Second, such framework should considerably speed up the computation over a grid of parameters. The rationale is the following, most of the computation is spent in the np.dot(X, beta). My hypothesis was that the time-consuming procedure is to load X data int the L3 cache of the processor. I realized that by observing a considerable slowdown of the computation when using several cores of the same processor. Using the 8 cores of the same processor slow down the minimization by a factor of 5! It is a very poor scaling! So if the same X data is used for several problems (beta is p x k array instead of being a p x 1) we could simultaneously solve several problems with a minimum overhead. Test it with the following code:

import time
import matplotlib.pylab as plt

n_features = int(550**2)
n_samples = 200

X = np.random.randn(n_samples, n_features)
beta = np.random.randn(n_features, 1)
y = np.dot(X, beta)

sizes = np.arange(1, 101)
elapsed = np.zeros(sizes.shape[0])

for s in sizes:
    beta = np.random.randn(X.shape[1], s)
    t_ = time.clock()

    # regression loss pattern
    grad = np.dot(X.T, np.dot(X, beta) - y)
    elapsed[s-1] = time.clock() - t_

# plt.plot(sizes, elapsed)
#plt.plot([1, sizes[-1]], [elapsed[0], elapsed[0]*sizes[-1]])

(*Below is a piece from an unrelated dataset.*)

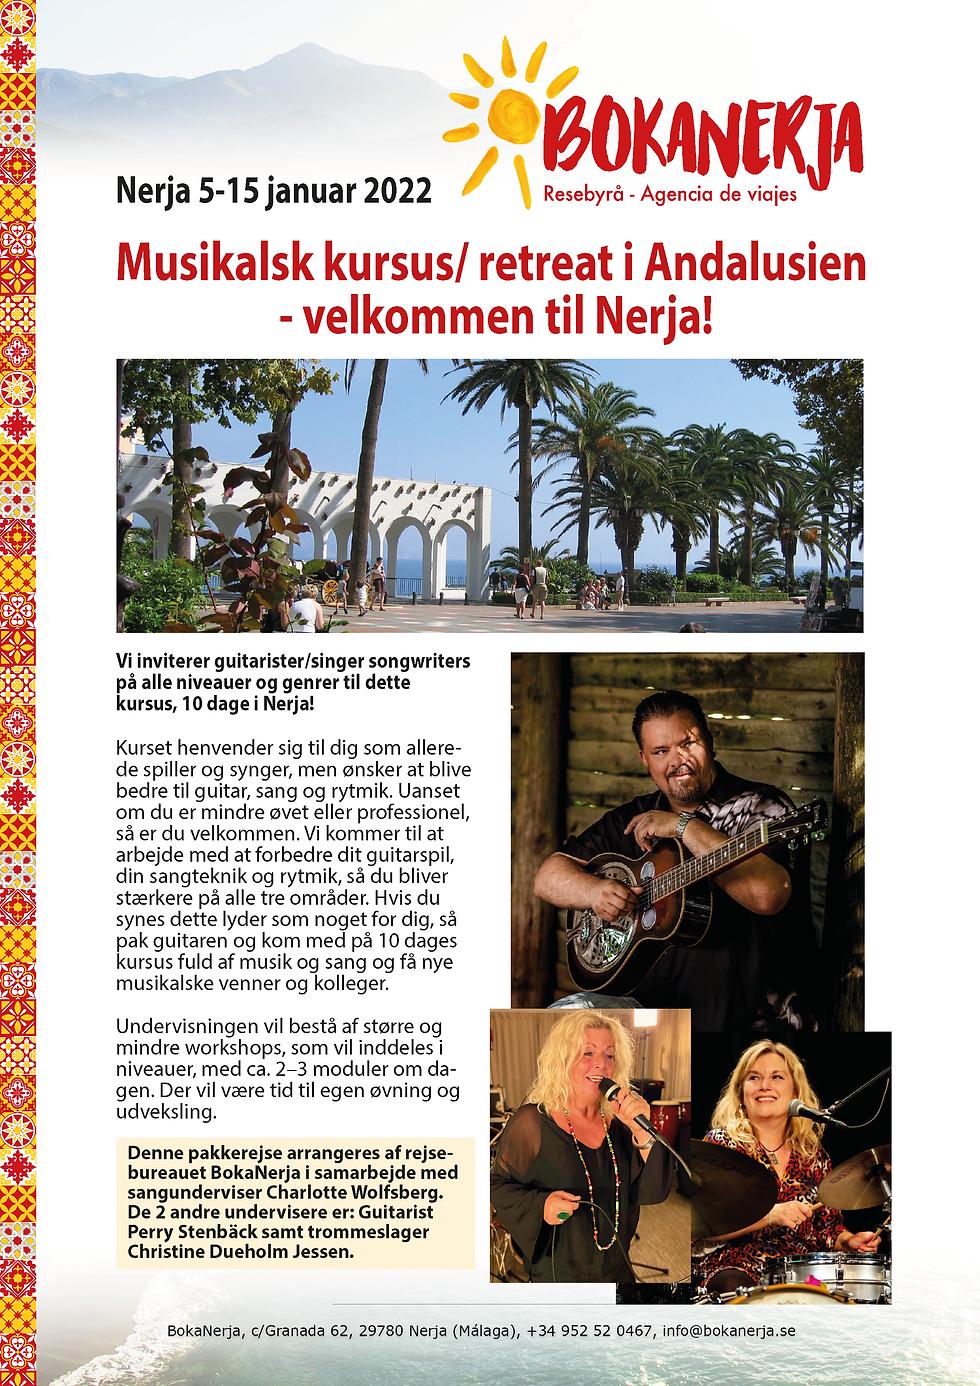 PDF FINAL Musikalisk Workshop januari 20

plt.plot(sizes, elapsed / elapsed[0])
plt.xlabel("beta.shape[1] (in X * beta)")
plt.ylabel("Ratio of CPU time: time(X beta) / time(X beta.shape[1]==1) ")

I observed an acceleration factor of 10 (anaconda with MKL single thread). Solving 50 problems beta.shape = [p, 50] is only 5 times slower than solving a single problem.

Most of the code should smoothly move to a vectorized version since beta is a [p x 1] vector and can be easly extend to a [p x k]. See an example of FISTA:

z = betanew + ((i - 2.0) / (i + 1.0)) * (betanew - betaold)
step = function.step(z)

betaold = betanew
betanew = function.prox(z - step * function.grad(z),
                                    step,
                                    eps=1.0 / (float(i) ** (4.0 + consts.FLOAT_EPSILON)),
                                    max_iter=self.max_iter)

Most of change will ocure when testing for convergences: gap_mu + mu * gM < self.eps will become np.min(gap_mu + mu * gM) < self.eps

I suggest to start with FISTA and elasticnet, and evaluated the acceleration.

tomlof commented 7 years ago

This is cool! I agree that likely the required changes will be minimal, while the gain will be maximal.

Three comments:

I guess the convergence criterion should be np.max(gap_mu + mu * gM) < self.eps, so that the algorithm stops when all have converged, instead of when the first beta vector is converged.
I think the parameters for l1, l2 and tv should be allowed to be either ints or lists of ints, so that the current syntax (with ints) still works.
Perhaps we could allow the cartesian product of the lists? So that with l1=[0.1, 0.9] and tv=[0.1, 1.0], instead of computing for l1,tv=0.1,0.1 and l1,tv=0.9,1.0, we compute for l1,tv=0.1,0.1, l1,tv=0.1,1.0, l1,tv=0.9,0.1 and l1,tv=0.9,1.0. This could be an option.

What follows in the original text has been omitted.